[[ RECORDED DATA open ]]

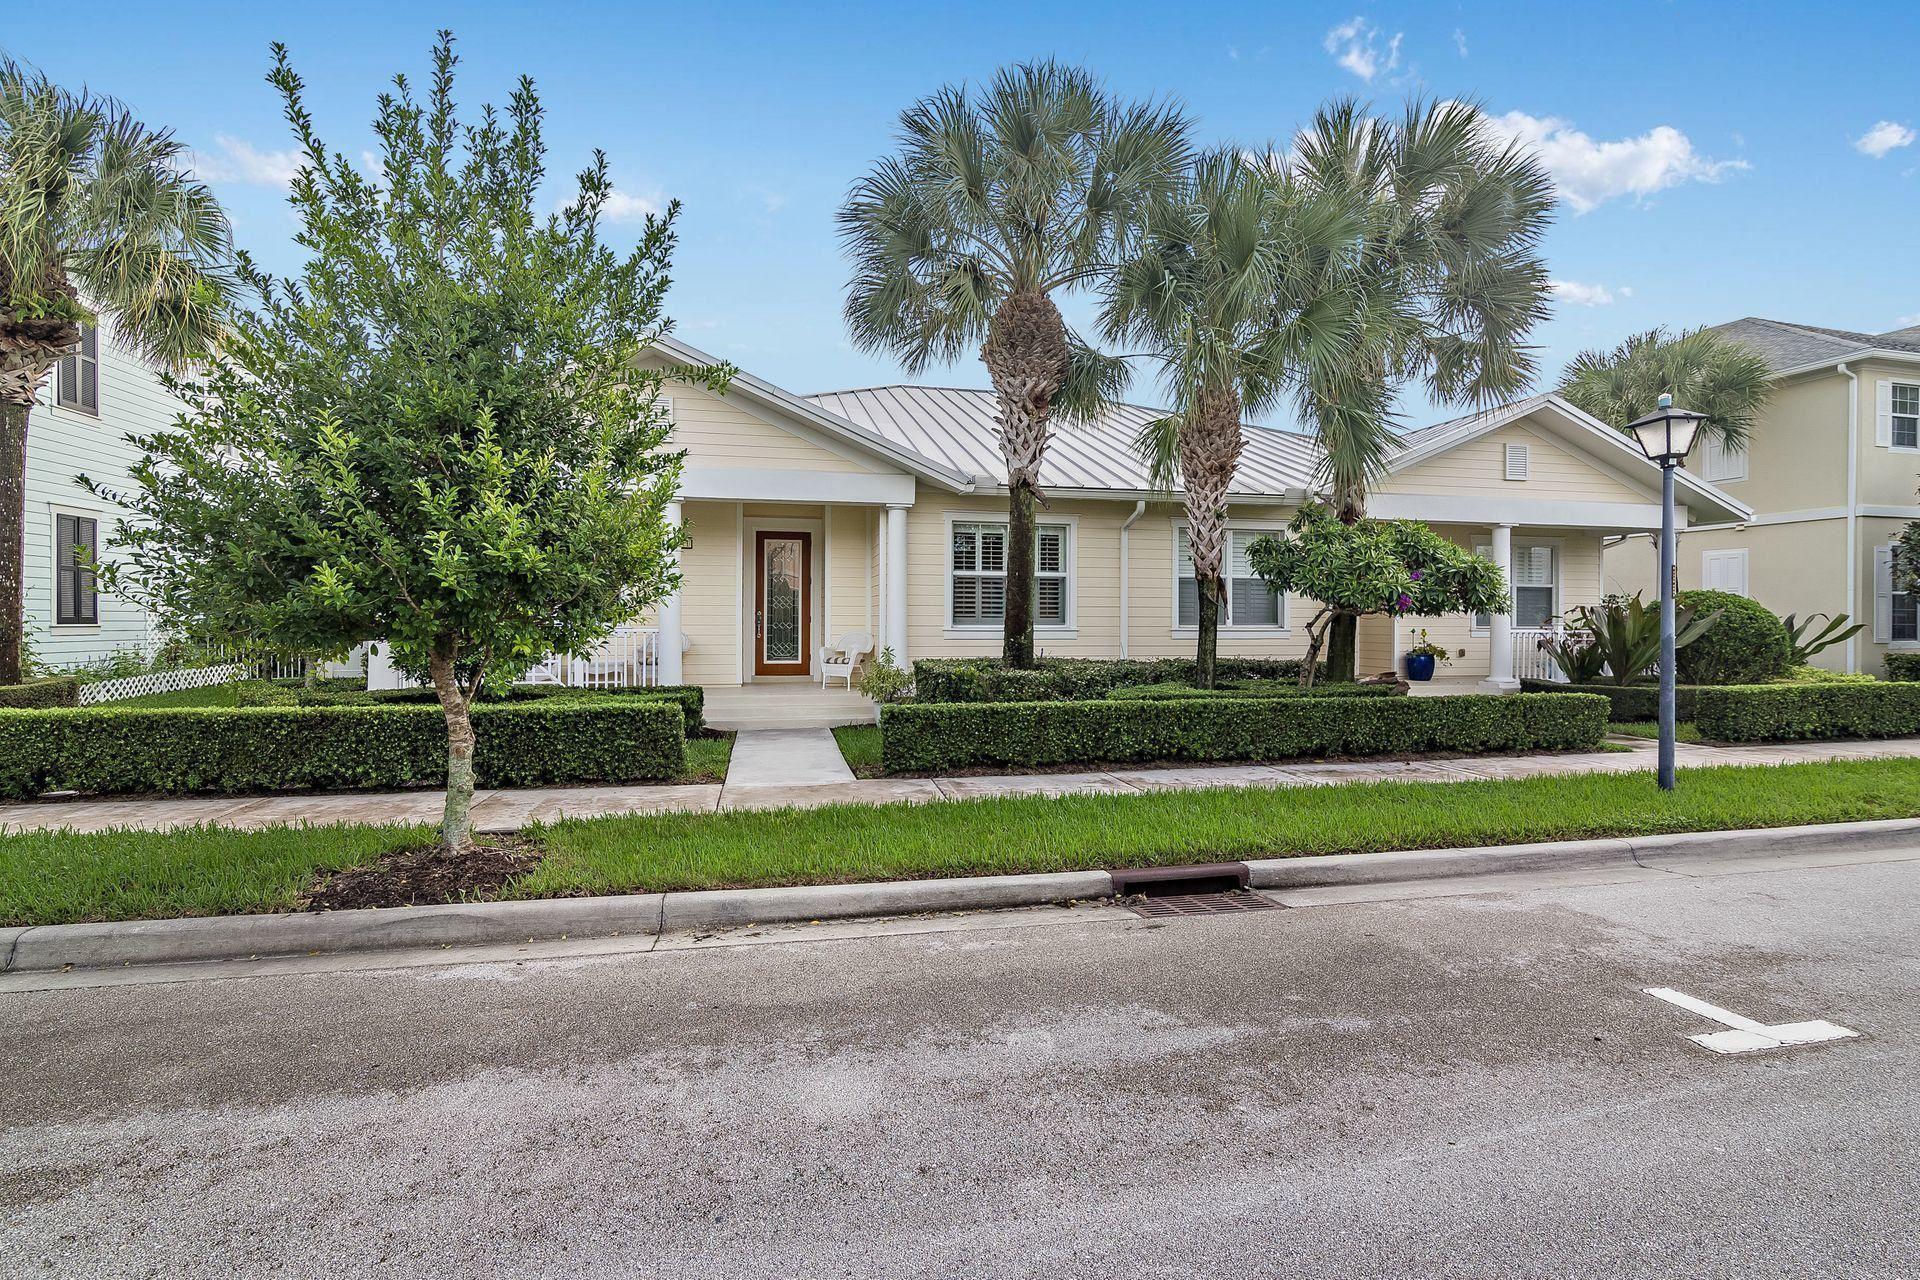 Photo of 3311 Duncombe Drive, Jupiter, FL 33458 (MLS # RX-10666252)
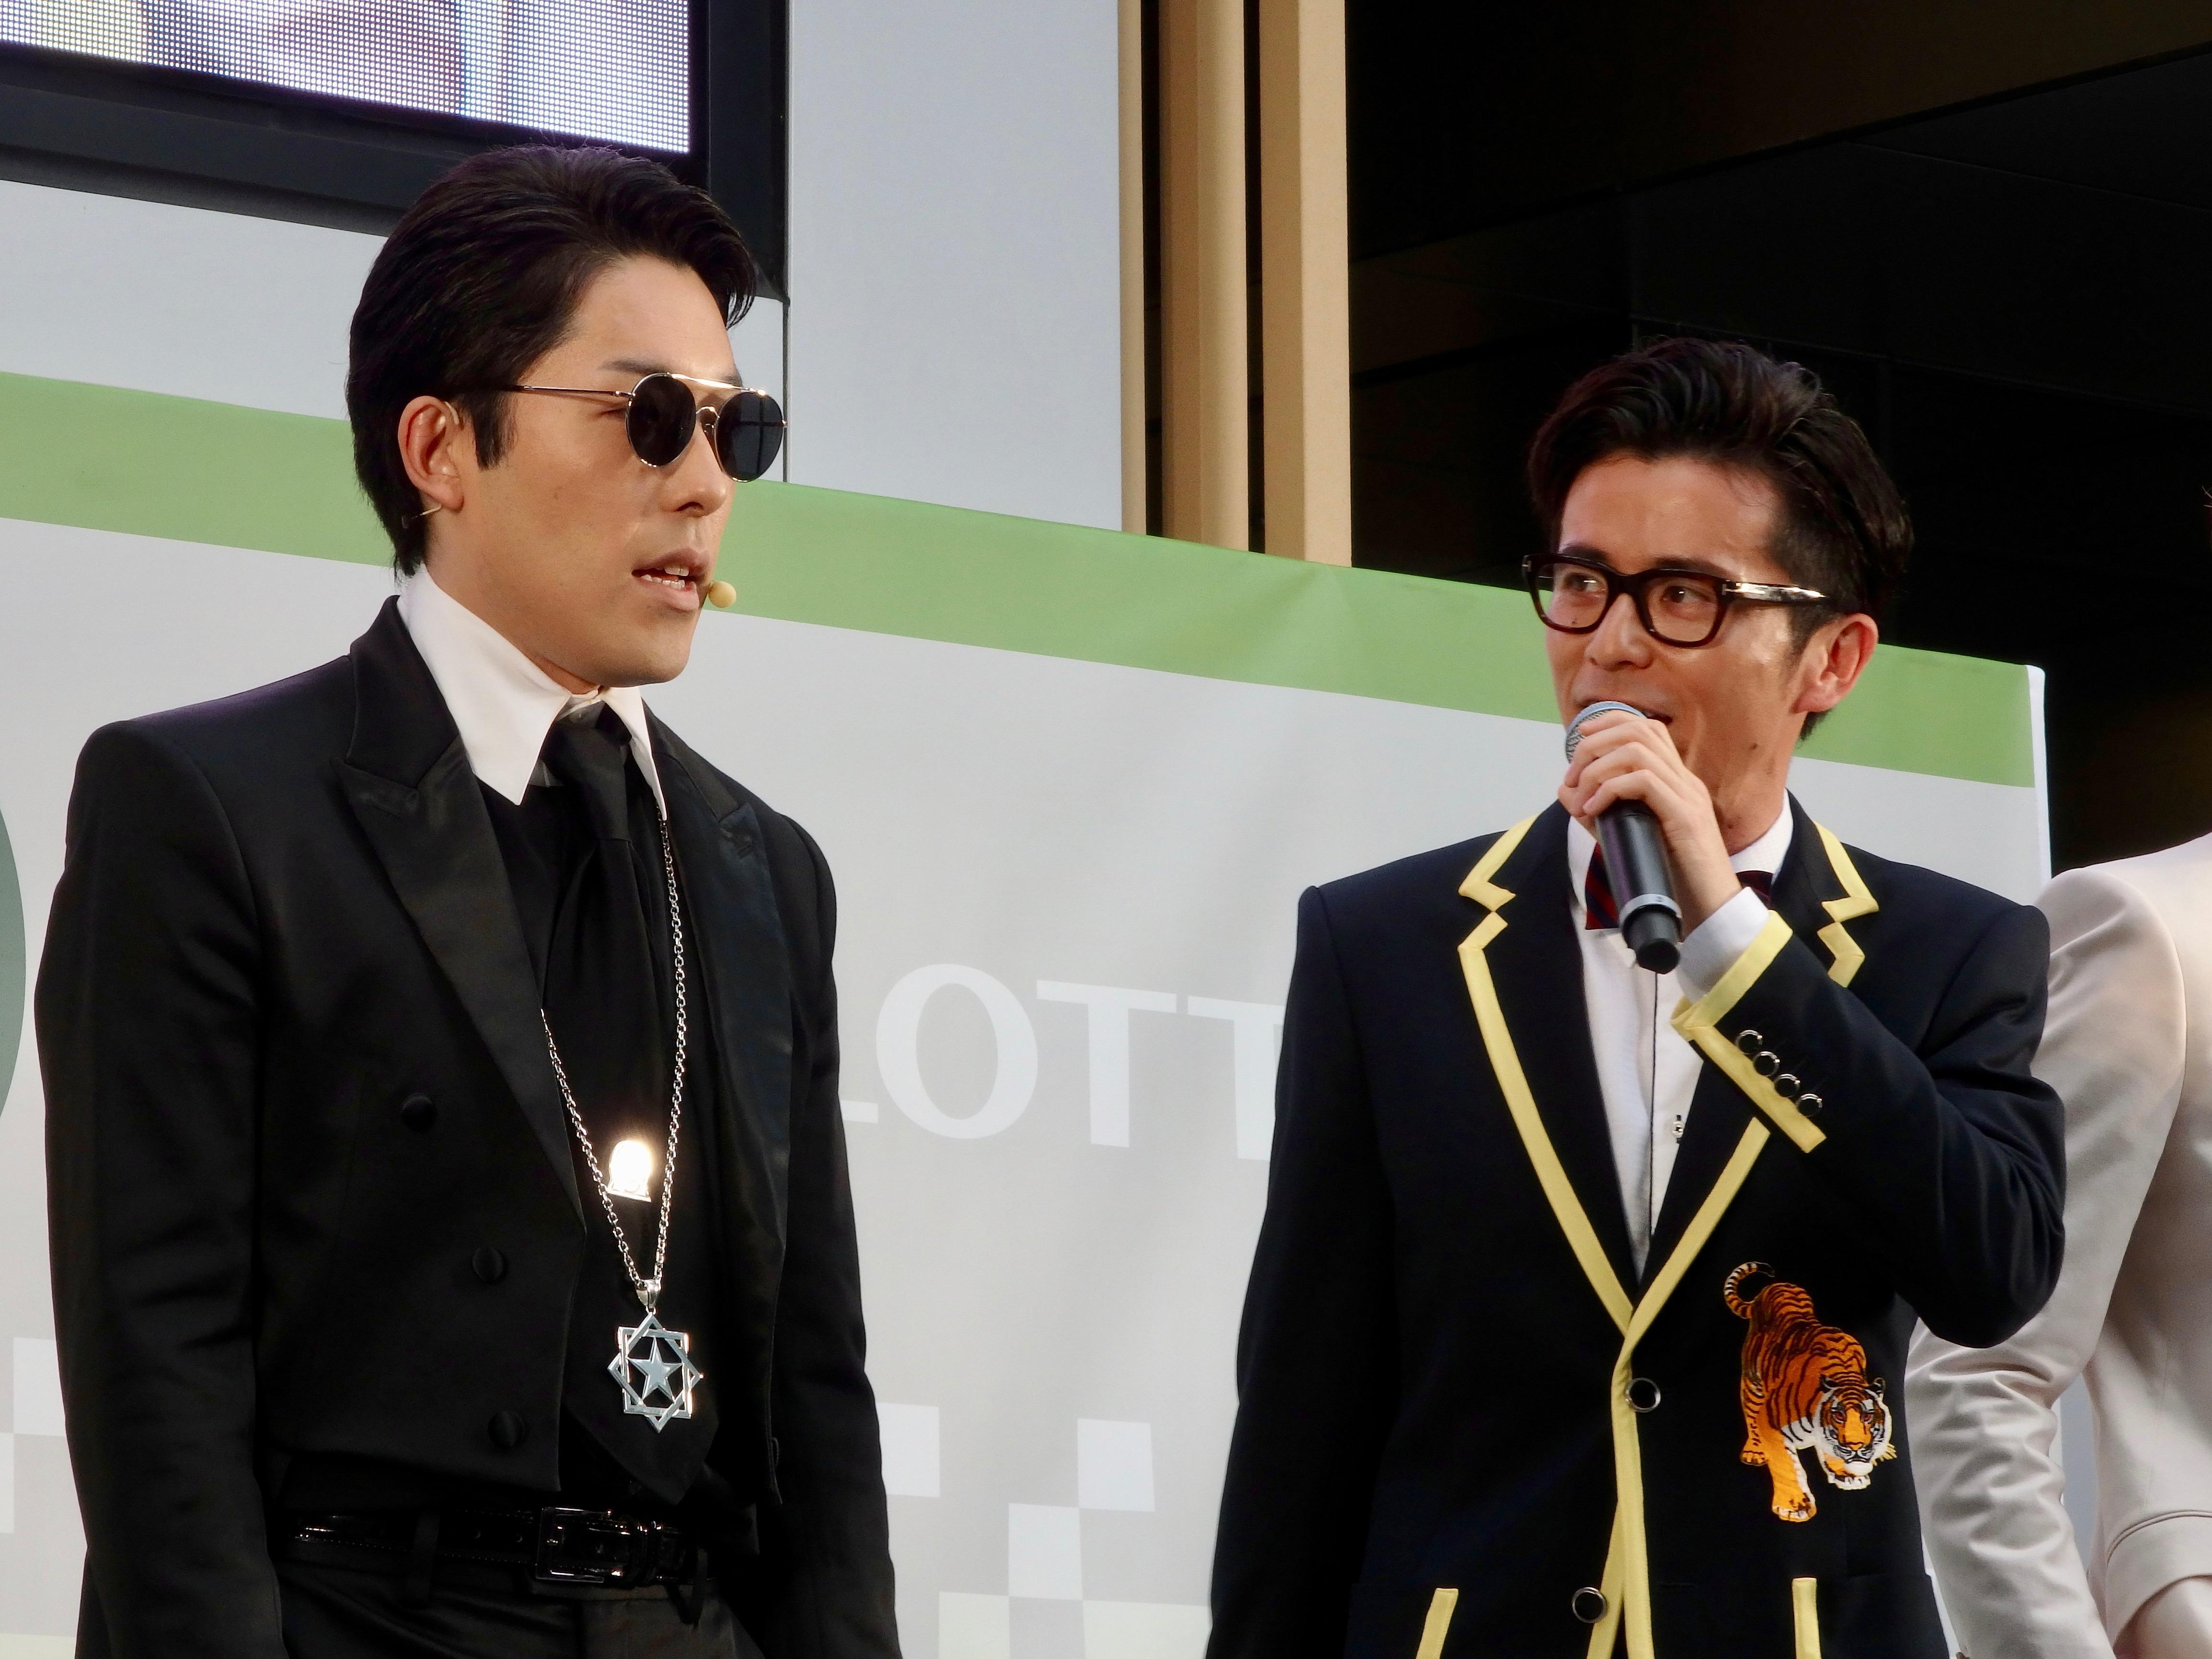 http://news.yoshimoto.co.jp/20170417190305-d63940a90a0f0988ba9cf77609529f9775fdf13b.jpg
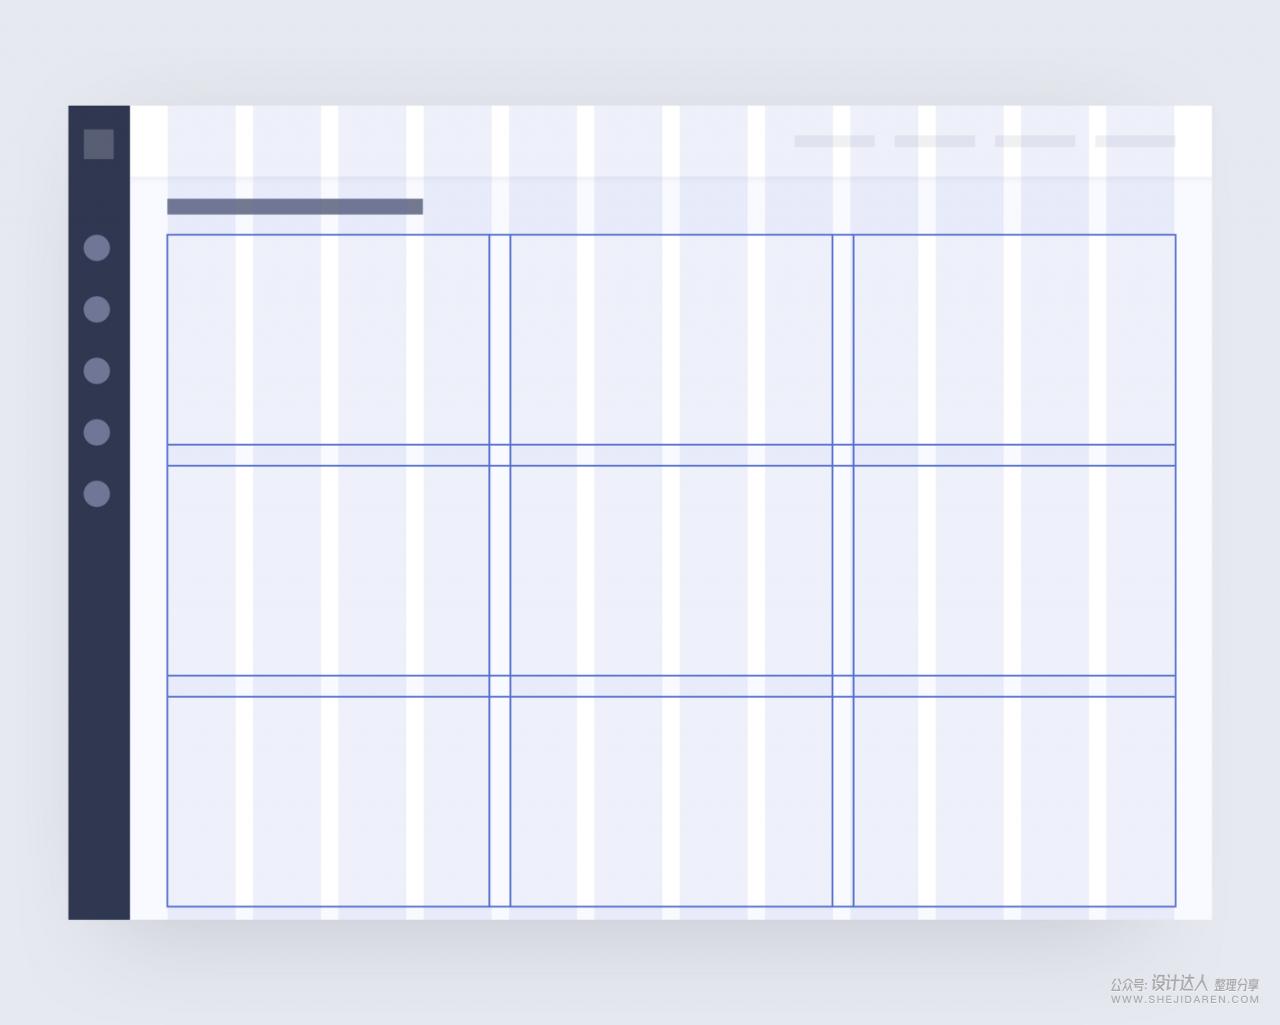 7个有用的后台管理界面设计指南

[[ RECORDED DATA closed ]]

EXERCISE: Line by line, restate the data above exactly as it stands, minus the pictures.

ANSWER SECTION:
 Photo of 3311 Duncombe Drive, Jupiter, FL 33458 (MLS # RX-10666252)
 http://news.yoshimoto.co.jp/20170417190305-d63940a90a0f0988ba9cf77609529f9775fdf13b.jpg
 7个有用的后台管理界面设计指南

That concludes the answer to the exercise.